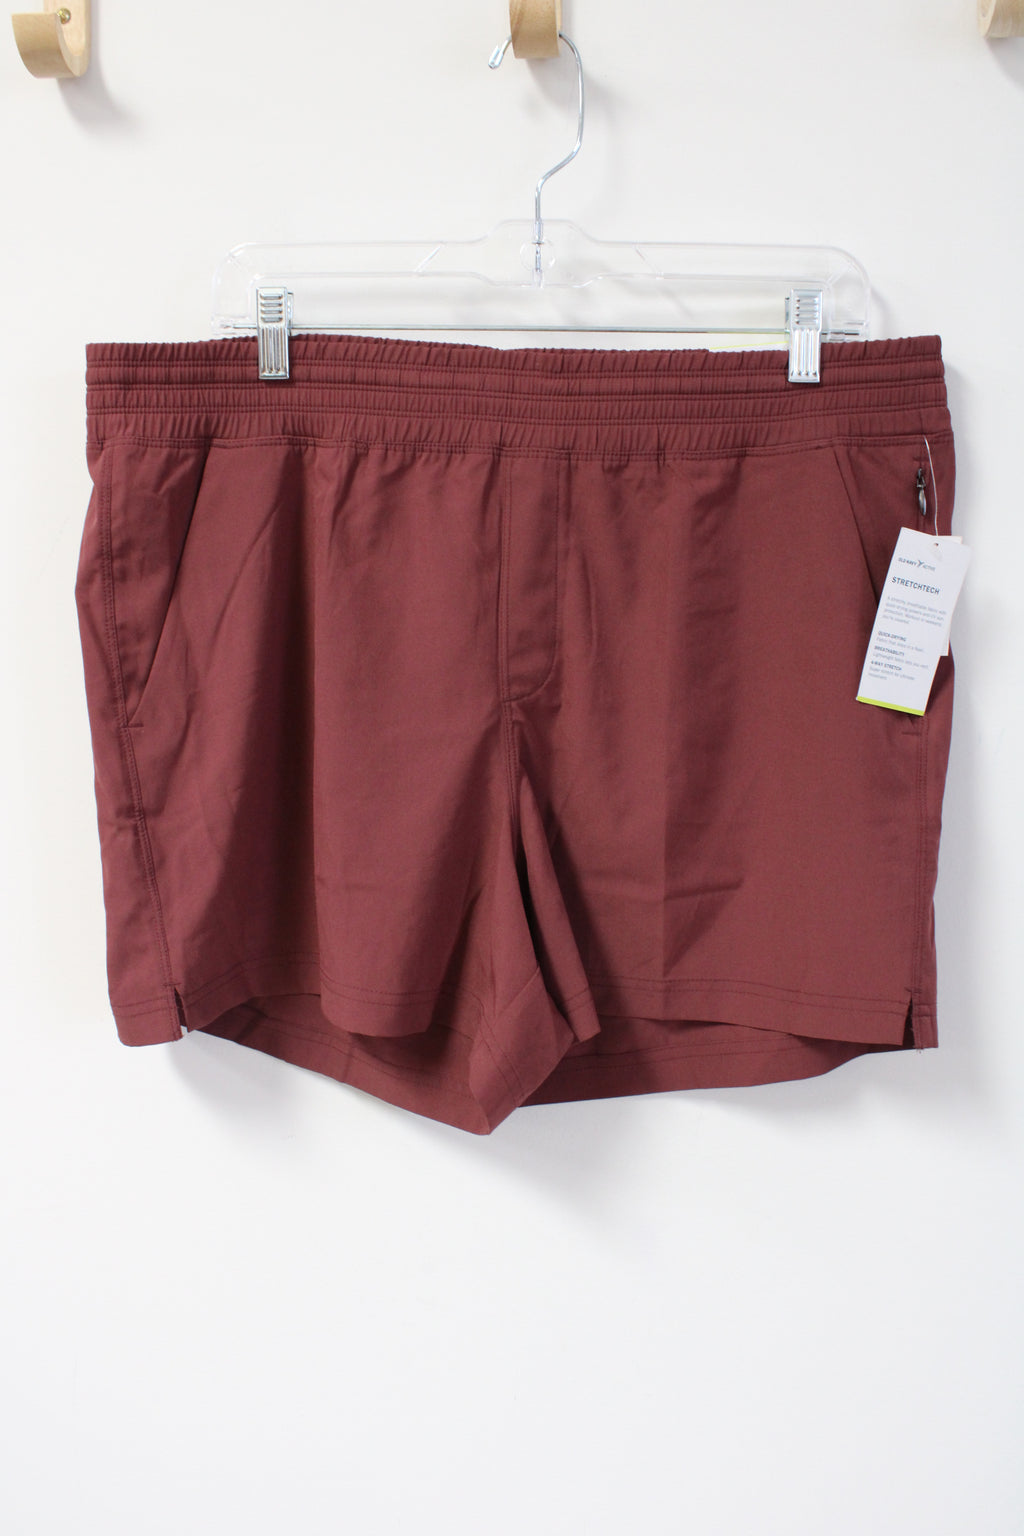 NEW Old Navy Dusty Red StretchTech Shorts | L
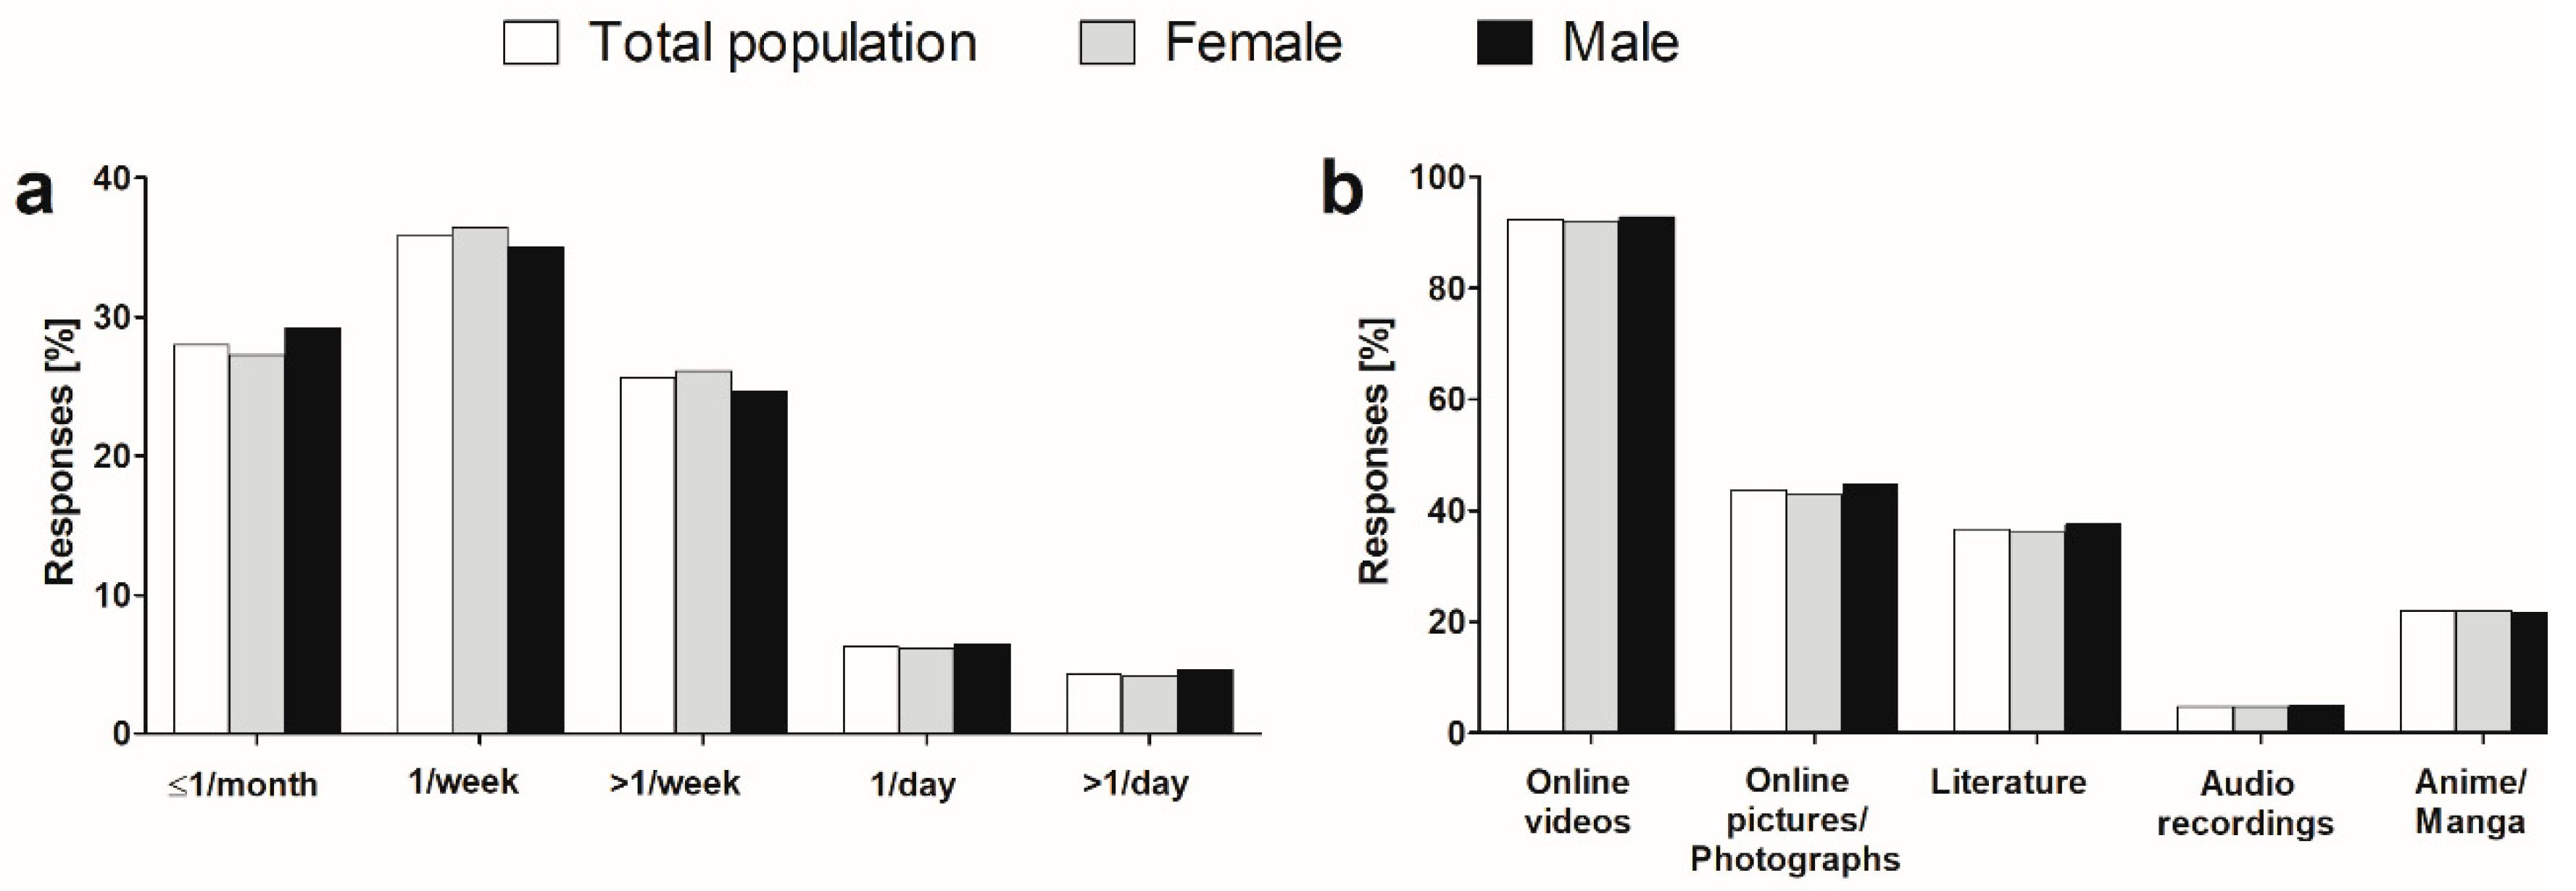 Www China Ten Girl Hd Download Xxxx Video Com - IJERPH | Free Full-Text | Prevalence, Patterns and Self-Perceived Effects  of Pornography Consumption in Polish University Students: A Cross-Sectional  Study
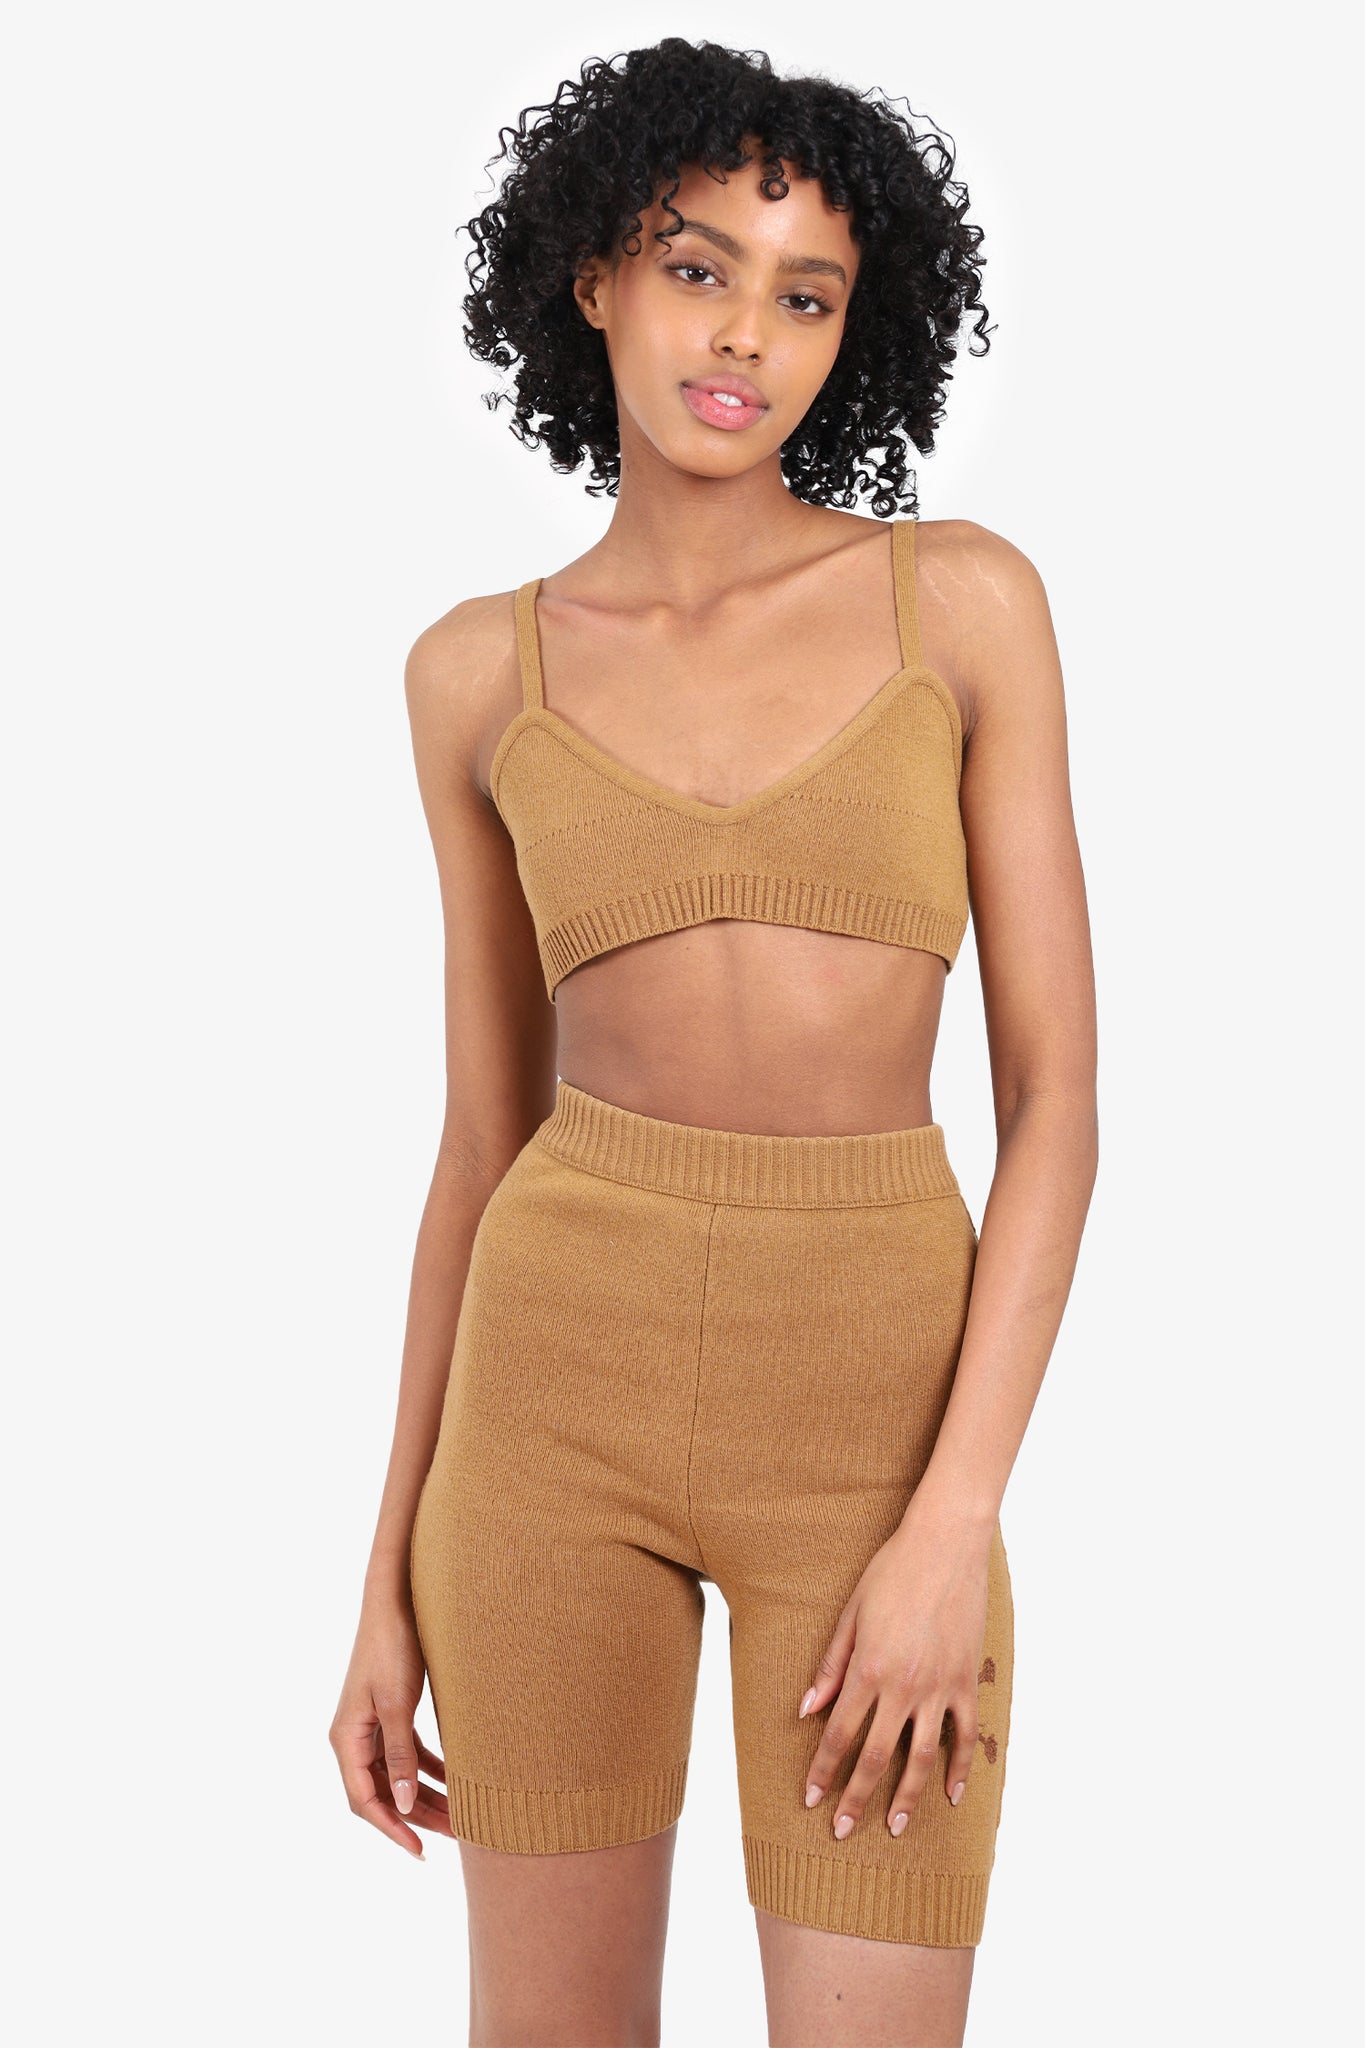 Off-White Tan Wool Knit Bra Top + Embroidered Bermuda Shorts Size

■ ■ ■ ■ ■ ■ ■

WORK TO COMPLETE — With images left out, the data must be transcribed exactly.

REPLY —
 NEW Old Navy Dusty Red StretchTech Shorts | L
 Www China Ten Girl Hd Download Xxxx Video Com - IJERPH | Free Full-Text | Prevalence, Patterns and Self-Perceived Effects  of Pornography Consumption in Polish University Students: A Cross-Sectional  Study
 Off-White Tan Wool Knit Bra Top + Embroidered Bermuda Shorts Size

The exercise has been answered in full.